Como todos os líderes são responsáveis pela contratação e treinamento de colaboradores, o setor de gestão de pessoas está constantemente fazendo “um trabalho de sensibilização das lideranças em relação à importância da equidade de gênero e da diversidade” – trabalho que, como mostram os rankings de ESG e o próprio crescimento da EDP no país, tem contribuído para resultados importantes na empresa.
Atingidas, as metas se traduzem em no mínimo dois salários extras na conta do funcionário no fim do ano. Isso vale para todos os níveis da empresa.
“Por exemplo, temos metas relativas a acidentes de trabalho e a incidentes em geral. Se um eletricista estiver muito consciente do uso correto de equipamentos de proteção para evitar acidentes, se reporta questões que podem vir a ocasionar problemas, se agiliza o processo de atendimento, ele vai contribuir para ele e para toda a empresa atingir a meta e receber esse bônus”, explica Santos. “Assim ele adquire a consciência do seu próprio impacto na cadeia toda, em toda a organização.”
FORNECEDORES TAMBÉM SÃO BENEFICIADOS POR AÇÕES E METAS
Outro público-alvo de interesse são os próprios fornecedores da companhia – de grandes empreiteiras a pequenas empresas. Para eles, a EDP criou o IDF (Índice de Desenvolvimento de Fornecedores), onde os parceiros recebem uma pontuação em questões de diversidade, qualidade, gestão de pessoas e dos negócios, e concorrem a uma premiação para os fornecedores que se destacam.
Paralelamente, um portal mantido pela EDP, a Academia de Parceiros, espécie de universidade online direcionada aos fornecedores do grupo, traz conteúdos para ajudá-los a compreender e implantar essas políticas de qualidade e diversidade.
ESCOLA DARÁ FORMAÇÃO DE ELETRICISTA A PESSOAS TRANSEXUAIS
Uma das mais recentes ações afirmativas da EDP Brasil está mirando o público transexual. A empresa lançou suas primeiras turmas dedicadas exclusivamente a trans na Escola de Eletricistas, um programa de formação profissional completa, ministrada pelo Senai, com possibilidade de contratação ao término do curso. A princípio serão abertas duas turmas, com 16 participantes cada uma, uma em Guarulhos (SP) e a outra em Serra (ES).
Em 2018, a empresa já havia feito uma ação afirmativa pioneira no setor, direcionando o curso de formação apenas para mulheres – como resultado, 40% das formadas foram contratadas.

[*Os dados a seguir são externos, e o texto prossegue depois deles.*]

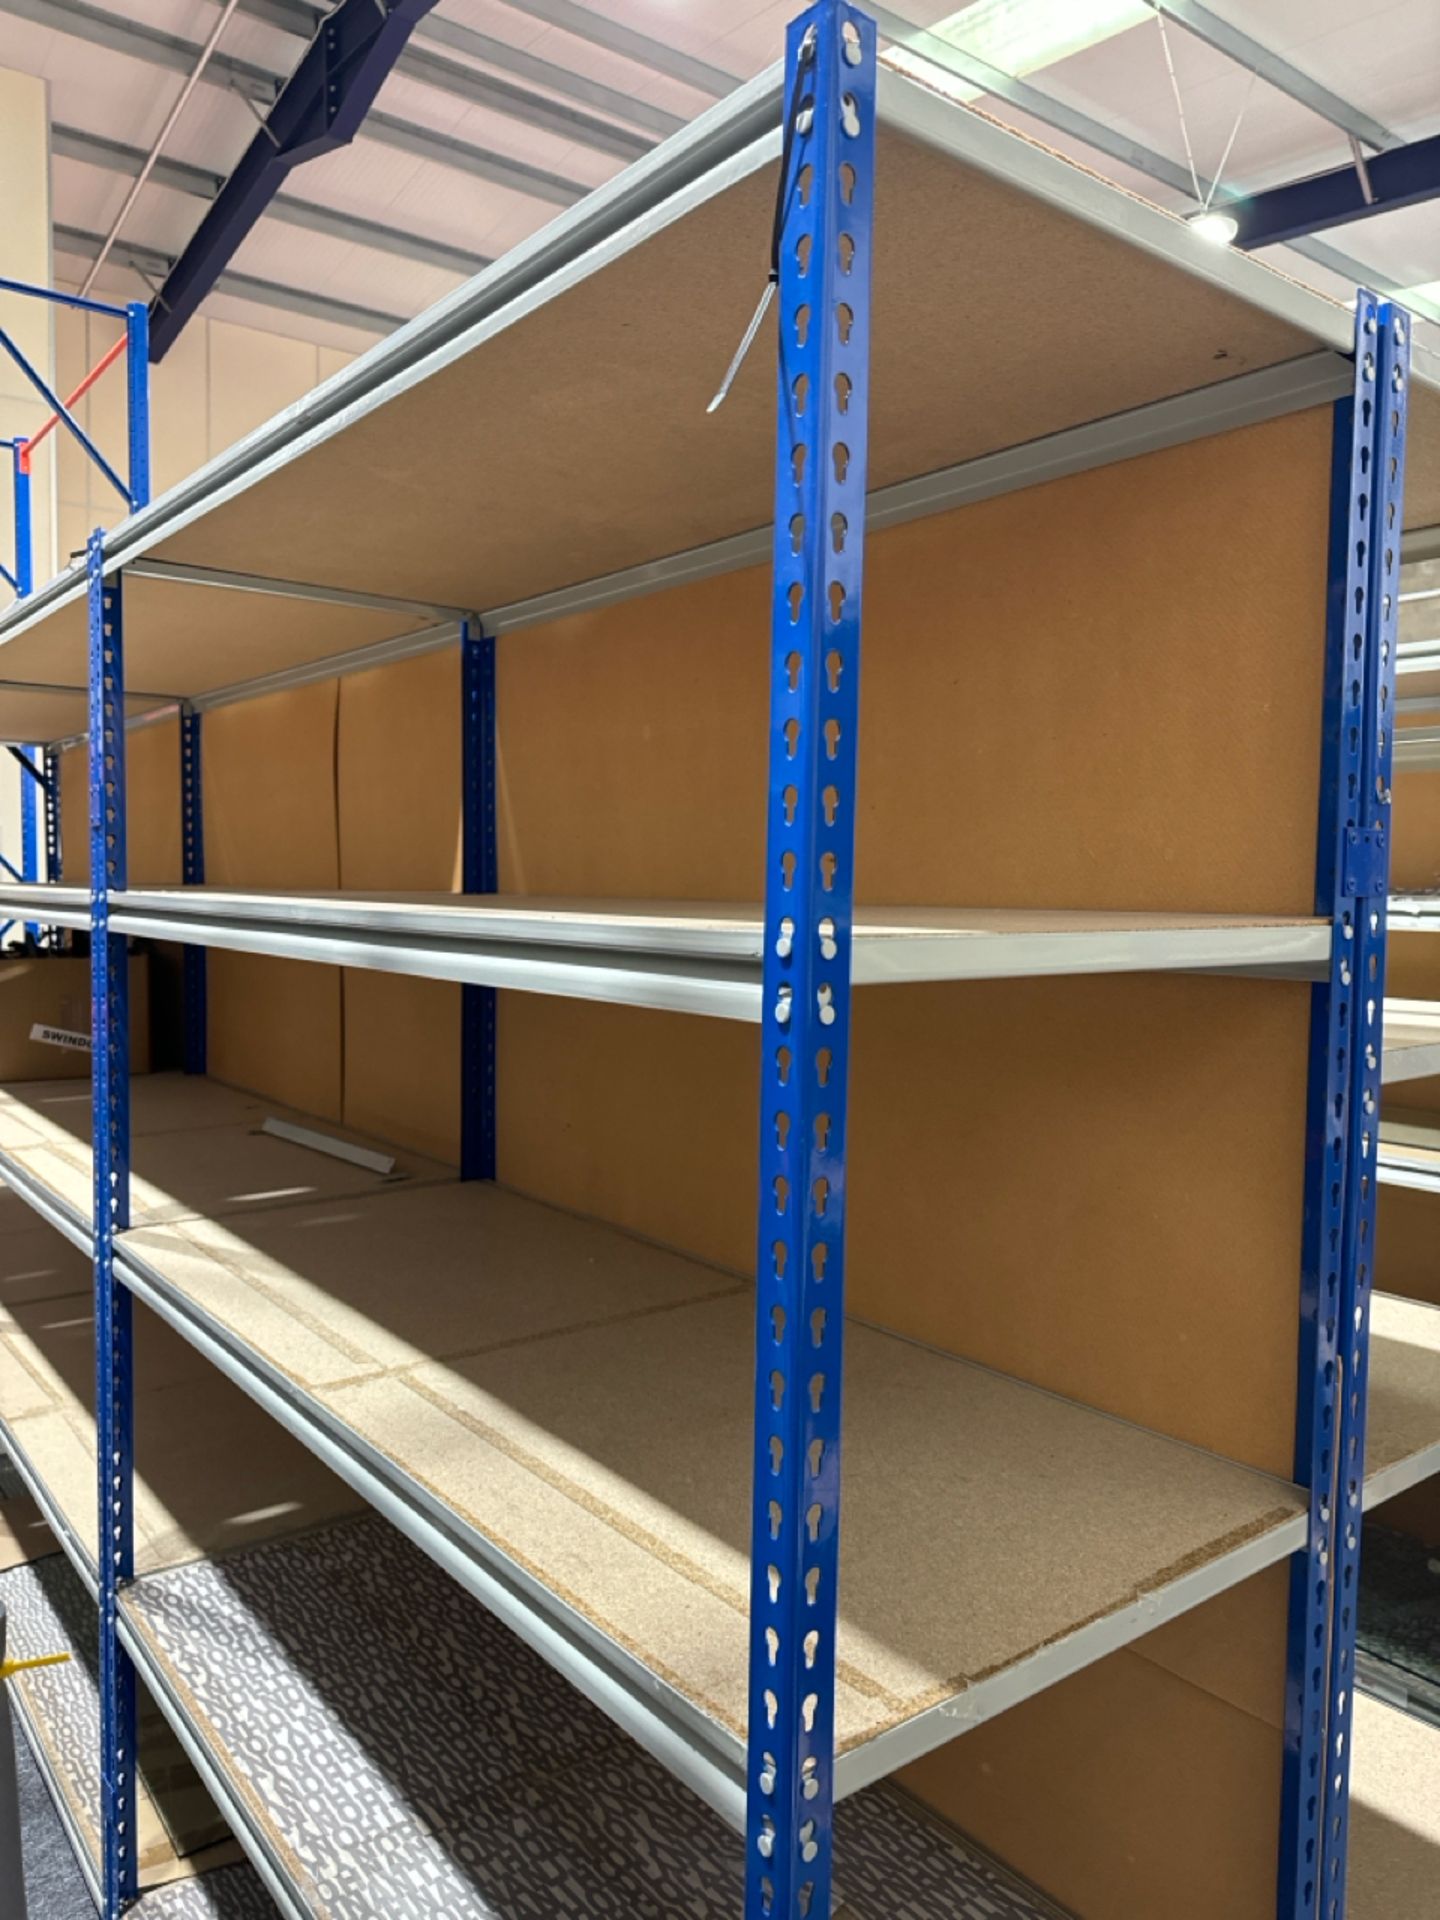 6 Bays Of Back To Back Boltless Racking - Image 5 of 5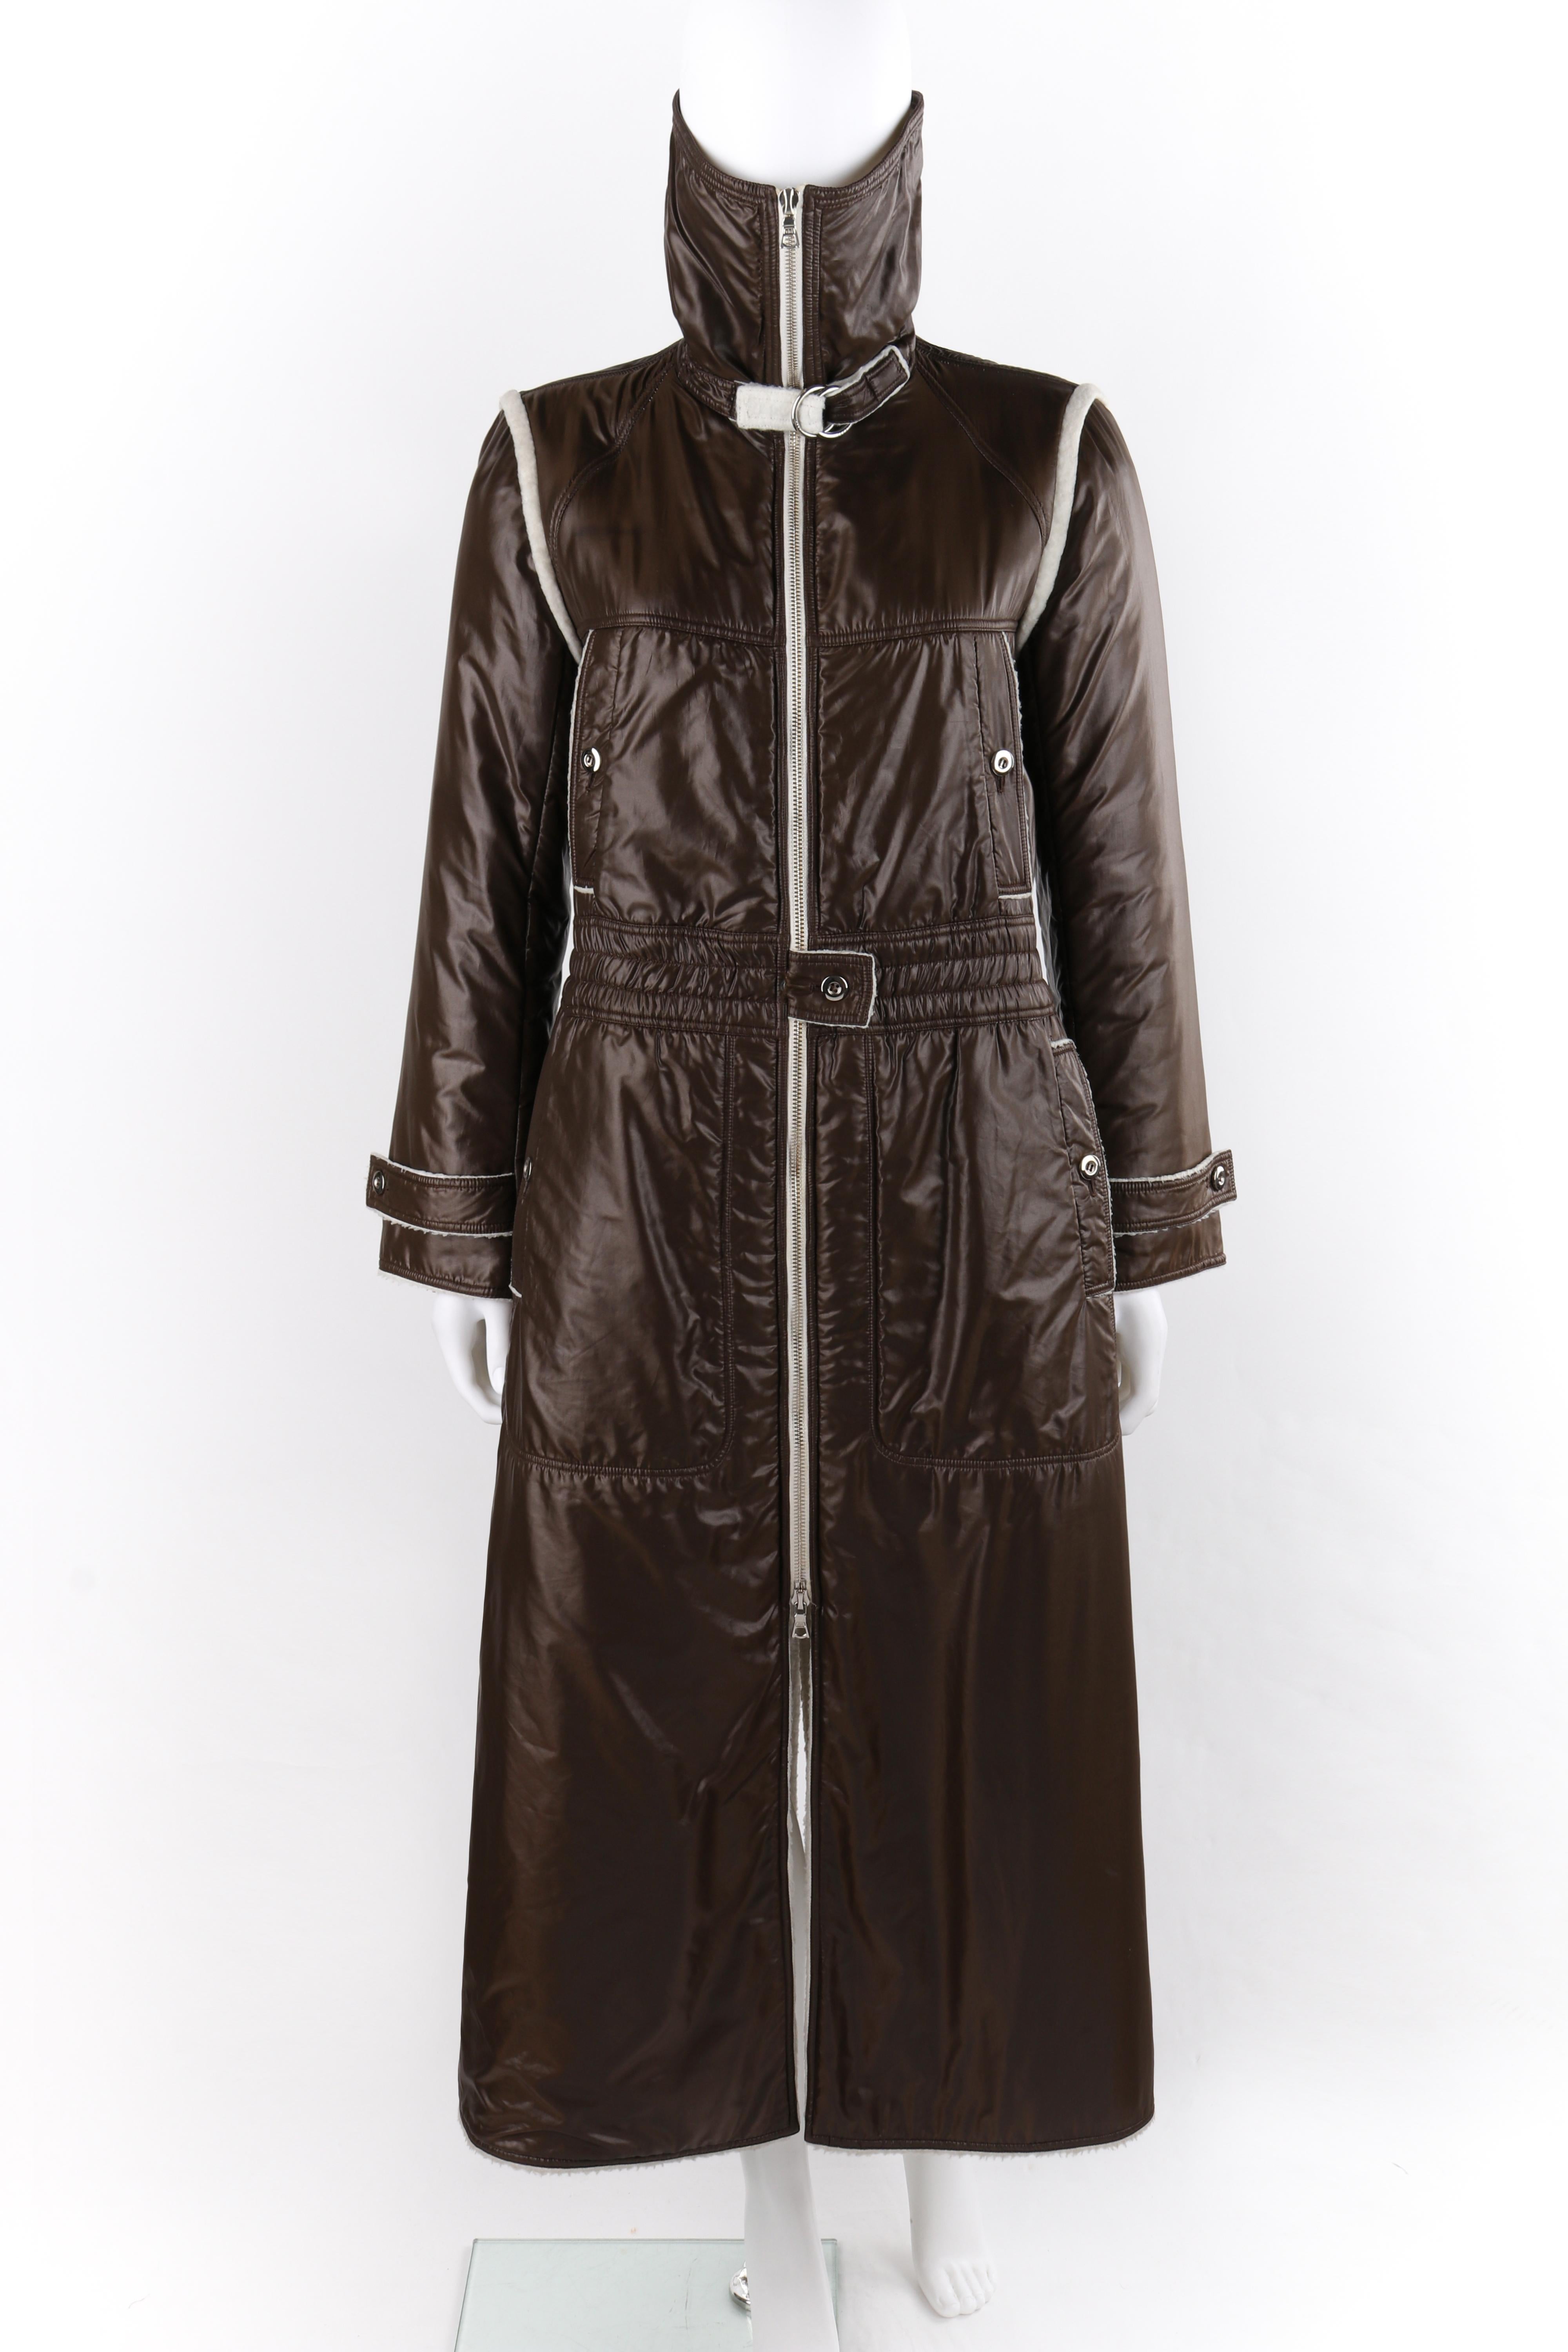 COURREGES c.1970’s Brown White Convertible Collar Full-Length Coat Jacket In Good Condition For Sale In Thiensville, WI

A quem critica o estabelecimento de metas e bônus associados ao ESG por crer que essas ações deveriam ser espontâneas, e não incentivadas financeiramente, Santos concorda que, em um mundo ideal, isso não seria necessário. Porém não vivemos no mundo ideal, e, diante disso, precisamos de incentivos concretos para avançar.
“Neste momento precisamos ter metas, pois temos um cenário de não equidade. Quando olhamos as perspectivas de equidade, da questão ambiental e social, não dá para apenas deixar que as coisas sigam seu curso. Não vejo como não ter metas como forma de mitigar o atraso de séculos e séculos”, argumenta Santos.
“Claro que o objetivo é que não precisemos mais disso um dia, que isso não seja mais uma agenda das organizações, mas sim da sociedade como um todo, mas agora não há como dar os saltos necessários sem pensar em metas.”